===== Supplied entries =====

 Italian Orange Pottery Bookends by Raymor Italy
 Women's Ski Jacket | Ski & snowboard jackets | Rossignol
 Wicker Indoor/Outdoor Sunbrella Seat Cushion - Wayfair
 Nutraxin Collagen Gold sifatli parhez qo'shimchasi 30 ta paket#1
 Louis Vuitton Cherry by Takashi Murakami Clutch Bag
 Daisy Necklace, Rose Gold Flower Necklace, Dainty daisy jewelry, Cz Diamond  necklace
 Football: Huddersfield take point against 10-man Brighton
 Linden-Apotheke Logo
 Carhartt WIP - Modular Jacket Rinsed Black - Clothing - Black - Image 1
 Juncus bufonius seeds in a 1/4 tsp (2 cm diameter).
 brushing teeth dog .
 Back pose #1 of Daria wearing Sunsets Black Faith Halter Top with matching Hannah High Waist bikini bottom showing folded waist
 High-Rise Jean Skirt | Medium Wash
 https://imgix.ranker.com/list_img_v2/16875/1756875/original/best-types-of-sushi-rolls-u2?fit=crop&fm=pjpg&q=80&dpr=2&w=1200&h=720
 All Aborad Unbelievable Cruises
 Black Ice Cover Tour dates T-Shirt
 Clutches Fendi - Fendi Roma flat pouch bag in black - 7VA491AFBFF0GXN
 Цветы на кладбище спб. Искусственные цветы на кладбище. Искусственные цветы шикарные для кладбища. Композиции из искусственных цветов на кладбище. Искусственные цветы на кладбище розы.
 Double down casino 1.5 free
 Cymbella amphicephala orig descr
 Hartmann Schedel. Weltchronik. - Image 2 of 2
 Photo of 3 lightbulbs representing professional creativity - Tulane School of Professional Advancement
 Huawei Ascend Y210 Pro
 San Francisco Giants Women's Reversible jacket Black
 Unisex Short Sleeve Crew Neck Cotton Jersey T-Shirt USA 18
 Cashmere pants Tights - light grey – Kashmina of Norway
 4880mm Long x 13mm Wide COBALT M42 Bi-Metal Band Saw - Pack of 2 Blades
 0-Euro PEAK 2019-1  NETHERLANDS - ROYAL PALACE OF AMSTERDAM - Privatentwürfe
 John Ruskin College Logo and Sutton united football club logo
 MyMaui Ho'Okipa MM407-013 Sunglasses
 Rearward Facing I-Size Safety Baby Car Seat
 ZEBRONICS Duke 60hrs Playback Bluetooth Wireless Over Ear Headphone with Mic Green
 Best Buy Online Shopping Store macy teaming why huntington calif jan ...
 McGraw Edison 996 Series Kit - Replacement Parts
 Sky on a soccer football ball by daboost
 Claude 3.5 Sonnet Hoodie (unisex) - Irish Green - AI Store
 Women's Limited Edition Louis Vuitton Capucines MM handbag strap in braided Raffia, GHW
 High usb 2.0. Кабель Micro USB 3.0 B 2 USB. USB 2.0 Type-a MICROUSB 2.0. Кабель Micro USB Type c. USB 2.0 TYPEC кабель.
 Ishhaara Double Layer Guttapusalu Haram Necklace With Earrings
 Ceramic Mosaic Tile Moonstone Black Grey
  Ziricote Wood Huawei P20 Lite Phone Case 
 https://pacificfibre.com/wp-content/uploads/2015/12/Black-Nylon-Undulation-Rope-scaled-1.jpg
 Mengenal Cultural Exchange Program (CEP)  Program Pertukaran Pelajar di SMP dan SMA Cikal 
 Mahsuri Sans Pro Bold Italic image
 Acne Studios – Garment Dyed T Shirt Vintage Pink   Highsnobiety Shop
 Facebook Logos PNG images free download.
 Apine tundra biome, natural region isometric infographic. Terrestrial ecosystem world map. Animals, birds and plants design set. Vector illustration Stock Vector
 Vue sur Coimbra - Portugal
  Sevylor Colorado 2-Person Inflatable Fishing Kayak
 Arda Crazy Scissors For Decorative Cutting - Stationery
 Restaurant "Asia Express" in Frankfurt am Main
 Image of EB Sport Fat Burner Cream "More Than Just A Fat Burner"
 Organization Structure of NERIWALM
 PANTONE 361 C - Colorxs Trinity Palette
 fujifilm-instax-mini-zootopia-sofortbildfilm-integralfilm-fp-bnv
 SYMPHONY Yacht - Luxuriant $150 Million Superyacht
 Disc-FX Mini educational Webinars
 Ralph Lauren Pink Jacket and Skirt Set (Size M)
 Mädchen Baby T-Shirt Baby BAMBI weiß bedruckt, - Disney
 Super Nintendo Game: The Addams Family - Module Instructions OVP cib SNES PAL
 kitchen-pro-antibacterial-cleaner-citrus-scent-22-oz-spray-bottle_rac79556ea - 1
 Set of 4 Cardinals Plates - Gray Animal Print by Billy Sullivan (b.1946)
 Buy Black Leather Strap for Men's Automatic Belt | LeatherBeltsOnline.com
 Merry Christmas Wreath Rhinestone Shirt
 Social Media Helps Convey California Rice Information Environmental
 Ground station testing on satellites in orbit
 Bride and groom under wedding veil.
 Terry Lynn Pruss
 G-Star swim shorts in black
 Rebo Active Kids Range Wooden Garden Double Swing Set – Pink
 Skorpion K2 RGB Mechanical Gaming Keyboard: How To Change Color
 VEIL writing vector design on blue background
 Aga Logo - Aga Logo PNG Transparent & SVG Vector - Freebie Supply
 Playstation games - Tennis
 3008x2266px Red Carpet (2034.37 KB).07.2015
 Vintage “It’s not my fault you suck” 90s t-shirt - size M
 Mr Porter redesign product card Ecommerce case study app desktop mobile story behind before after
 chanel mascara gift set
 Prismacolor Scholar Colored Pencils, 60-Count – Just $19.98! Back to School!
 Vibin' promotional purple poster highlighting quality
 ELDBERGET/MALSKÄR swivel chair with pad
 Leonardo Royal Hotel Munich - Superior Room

=====

# Exercise directions:
The lines above need to be restated word for word, all of them.

# Answer:
 Italian Orange Pottery Bookends by Raymor Italy
 Women's Ski Jacket | Ski & snowboard jackets | Rossignol
 Wicker Indoor/Outdoor Sunbrella Seat Cushion - Wayfair
 Nutraxin Collagen Gold sifatli parhez qo'shimchasi 30 ta paket#1
 Louis Vuitton Cherry by Takashi Murakami Clutch Bag
 Daisy Necklace, Rose Gold Flower Necklace, Dainty daisy jewelry, Cz Diamond  necklace
 Football: Huddersfield take point against 10-man Brighton
 Linden-Apotheke Logo
 Carhartt WIP - Modular Jacket Rinsed Black - Clothing - Black - Image 1
 Juncus bufonius seeds in a 1/4 tsp (2 cm diameter).
 brushing teeth dog .
 Back pose #1 of Daria wearing Sunsets Black Faith Halter Top with matching Hannah High Waist bikini bottom showing folded waist
 High-Rise Jean Skirt | Medium Wash
 https://imgix.ranker.com/list_img_v2/16875/1756875/original/best-types-of-sushi-rolls-u2?fit=crop&fm=pjpg&q=80&dpr=2&w=1200&h=720
 All Aborad Unbelievable Cruises
 Black Ice Cover Tour dates T-Shirt
 Clutches Fendi - Fendi Roma flat pouch bag in black - 7VA491AFBFF0GXN
 Цветы на кладбище спб. Искусственные цветы на кладбище. Искусственные цветы шикарные для кладбища. Композиции из искусственных цветов на кладбище. Искусственные цветы на кладбище розы.
 Double down casino 1.5 free
 Cymbella amphicephala orig descr
 Hartmann Schedel. Weltchronik. - Image 2 of 2
 Photo of 3 lightbulbs representing professional creativity - Tulane School of Professional Advancement
 Huawei Ascend Y210 Pro
 San Francisco Giants Women's Reversible jacket Black
 Unisex Short Sleeve Crew Neck Cotton Jersey T-Shirt USA 18
 Cashmere pants Tights - light grey – Kashmina of Norway
 4880mm Long x 13mm Wide COBALT M42 Bi-Metal Band Saw - Pack of 2 Blades
 0-Euro PEAK 2019-1  NETHERLANDS - ROYAL PALACE OF AMSTERDAM - Privatentwürfe
 John Ruskin College Logo and Sutton united football club logo
 MyMaui Ho'Okipa MM407-013 Sunglasses
 Rearward Facing I-Size Safety Baby Car Seat
 ZEBRONICS Duke 60hrs Playback Bluetooth Wireless Over Ear Headphone with Mic Green
 Best Buy Online Shopping Store macy teaming why huntington calif jan ...
 McGraw Edison 996 Series Kit - Replacement Parts
 Sky on a soccer football ball by daboost
 Claude 3.5 Sonnet Hoodie (unisex) - Irish Green - AI Store
 Women's Limited Edition Louis Vuitton Capucines MM handbag strap in braided Raffia, GHW
 High usb 2.0. Кабель Micro USB 3.0 B 2 USB. USB 2.0 Type-a MICROUSB 2.0. Кабель Micro USB Type c. USB 2.0 TYPEC кабель.
 Ishhaara Double Layer Guttapusalu Haram Necklace With Earrings
 Ceramic Mosaic Tile Moonstone Black Grey
  Ziricote Wood Huawei P20 Lite Phone Case 
 https://pacificfibre.com/wp-content/uploads/2015/12/Black-Nylon-Undulation-Rope-scaled-1.jpg
 Mengenal Cultural Exchange Program (CEP)  Program Pertukaran Pelajar di SMP dan SMA Cikal 
 Mahsuri Sans Pro Bold Italic image
 Acne Studios – Garment Dyed T Shirt Vintage Pink   Highsnobiety Shop
 Facebook Logos PNG images free download.
 Apine tundra biome, natural region isometric infographic. Terrestrial ecosystem world map. Animals, birds and plants design set. Vector illustration Stock Vector
 Vue sur Coimbra - Portugal
  Sevylor Colorado 2-Person Inflatable Fishing Kayak
 Arda Crazy Scissors For Decorative Cutting - Stationery
 Restaurant "Asia Express" in Frankfurt am Main
 Image of EB Sport Fat Burner Cream "More Than Just A Fat Burner"
 Organization Structure of NERIWALM
 PANTONE 361 C - Colorxs Trinity Palette
 fujifilm-instax-mini-zootopia-sofortbildfilm-integralfilm-fp-bnv
 SYMPHONY Yacht - Luxuriant $150 Million Superyacht
 Disc-FX Mini educational Webinars
 Ralph Lauren Pink Jacket and Skirt Set (Size M)
 Mädchen Baby T-Shirt Baby BAMBI weiß bedruckt, - Disney
 Super Nintendo Game: The Addams Family - Module Instructions OVP cib SNES PAL
 kitchen-pro-antibacterial-cleaner-citrus-scent-22-oz-spray-bottle_rac79556ea - 1
 Set of 4 Cardinals Plates - Gray Animal Print by Billy Sullivan (b.1946)
 Buy Black Leather Strap for Men's Automatic Belt | LeatherBeltsOnline.com
 Merry Christmas Wreath Rhinestone Shirt
 Social Media Helps Convey California Rice Information Environmental
 Ground station testing on satellites in orbit
 Bride and groom under wedding veil.
 Terry Lynn Pruss
 G-Star swim shorts in black
 Rebo Active Kids Range Wooden Garden Double Swing Set – Pink
 Skorpion K2 RGB Mechanical Gaming Keyboard: How To Change Color
 VEIL writing vector design on blue background
 Aga Logo - Aga Logo PNG Transparent & SVG Vector - Freebie Supply
 Playstation games - Tennis
 3008x2266px Red Carpet (2034.37 KB).07.2015
 Vintage “It’s not my fault you suck” 90s t-shirt - size M
 Mr Porter redesign product card Ecommerce case study app desktop mobile story behind before after
 chanel mascara gift set
 Prismacolor Scholar Colored Pencils, 60-Count – Just $19.98! Back to School!
 Vibin' promotional purple poster highlighting quality
 ELDBERGET/MALSKÄR swivel chair with pad
 Leonardo Royal Hotel Munich - Superior Room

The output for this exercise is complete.